A manual for writers of research papers, theses, and dissertations, 7th edition - Kate L. Turabian 2007

Quote, paraphrase, and summarize appropriately
Drafting your report
Part I. Research and writing: from planning to production

We covered this issue when we discussed note-taking (4.2.2). You should build most of your report out of your own words that reflect your own thinking. Much of the support for that thinking will be in quotations, paraphrases, and summaries. Different fields, however, use them in different proportions. In general, researchers in the humanities quote most often; social and natural scientists typically paraphrase and summarize. But you must decide each case for itself, depending on how you use the information in your argument. Here are some principles:

Summarize when details are irrelevant or a source isn't important enough to warrant more space.

Paraphrase when you can state what a source says more clearly or concisely than the source, or when your argument depends on the details of a source but not on its specific words. (Before you paraphrase, however, read 7.9.)

Quote for these purposes:

The words constitute evidence that backs up your reasons.

A passage states a view that you disagree with, and to be fair you want to state it exactly.

The quoted words are from an authority who backs up your view.

They are strikingly original.

They express your key concepts so compellingly that the quotation can frame the rest of your discussion.

You must balance quotations, paraphrases, and summaries with your own fresh ideas.
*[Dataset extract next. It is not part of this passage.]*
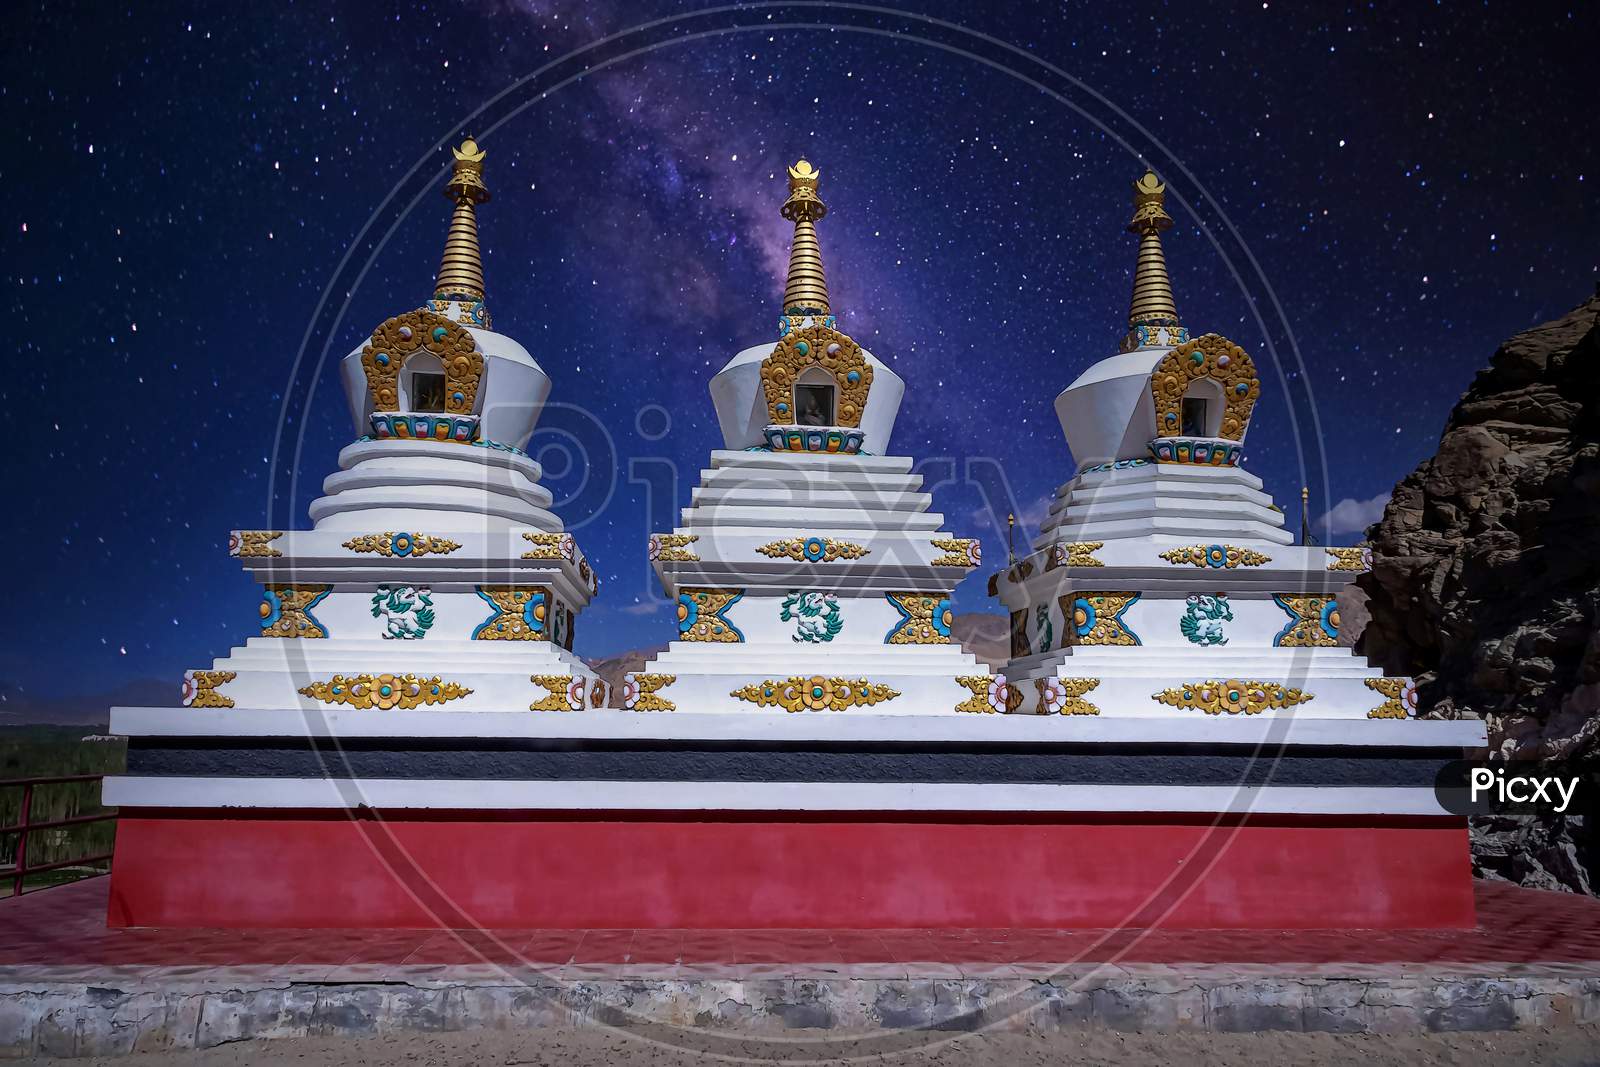 White painted stupas holding buddhist relics under a starry sky as seen at the Thikse Monastery near Leh city, Ladakh, India
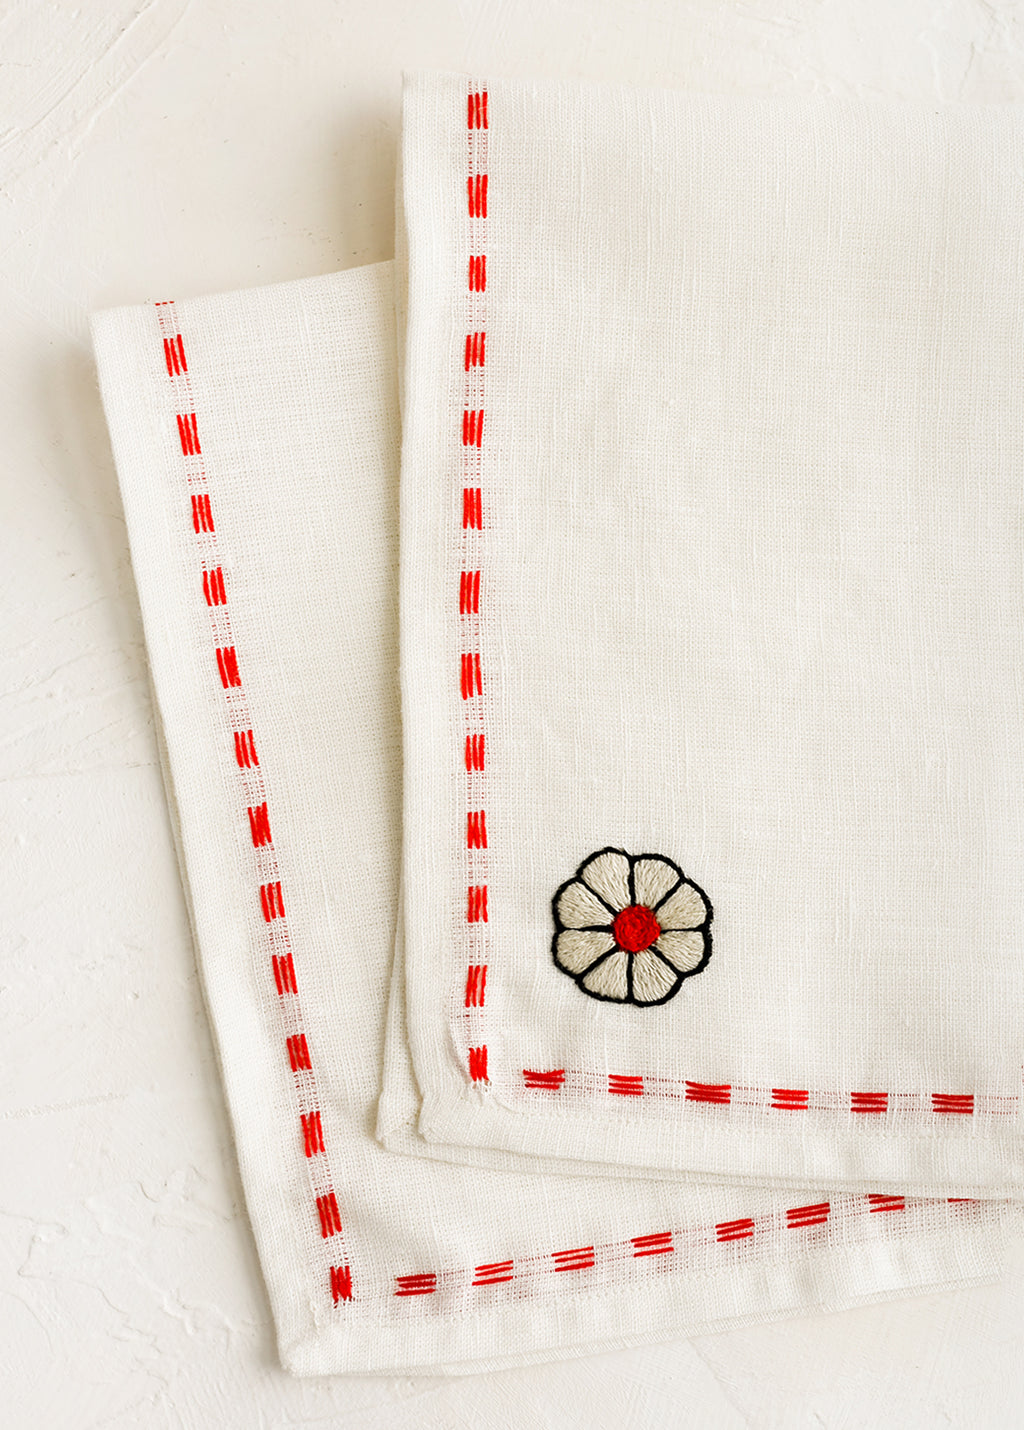 2: A white linen napkin with embroidery detailing in red.

Do not merely repeat, or worse, download, words and ideas of others that you stitch together with a few sentences of your own. All teachers have ground their teeth over such reports, dismayed by their lack of original thinking. In an advanced project such as a thesis or dissertation, readers reject a patchwork of borrowings out of hand.

Readers value research only to the degree that they trust its sources. So for every summary, paraphrase, or quotation you use, cite its bibliographic data in the appropriate citation style (see part 2).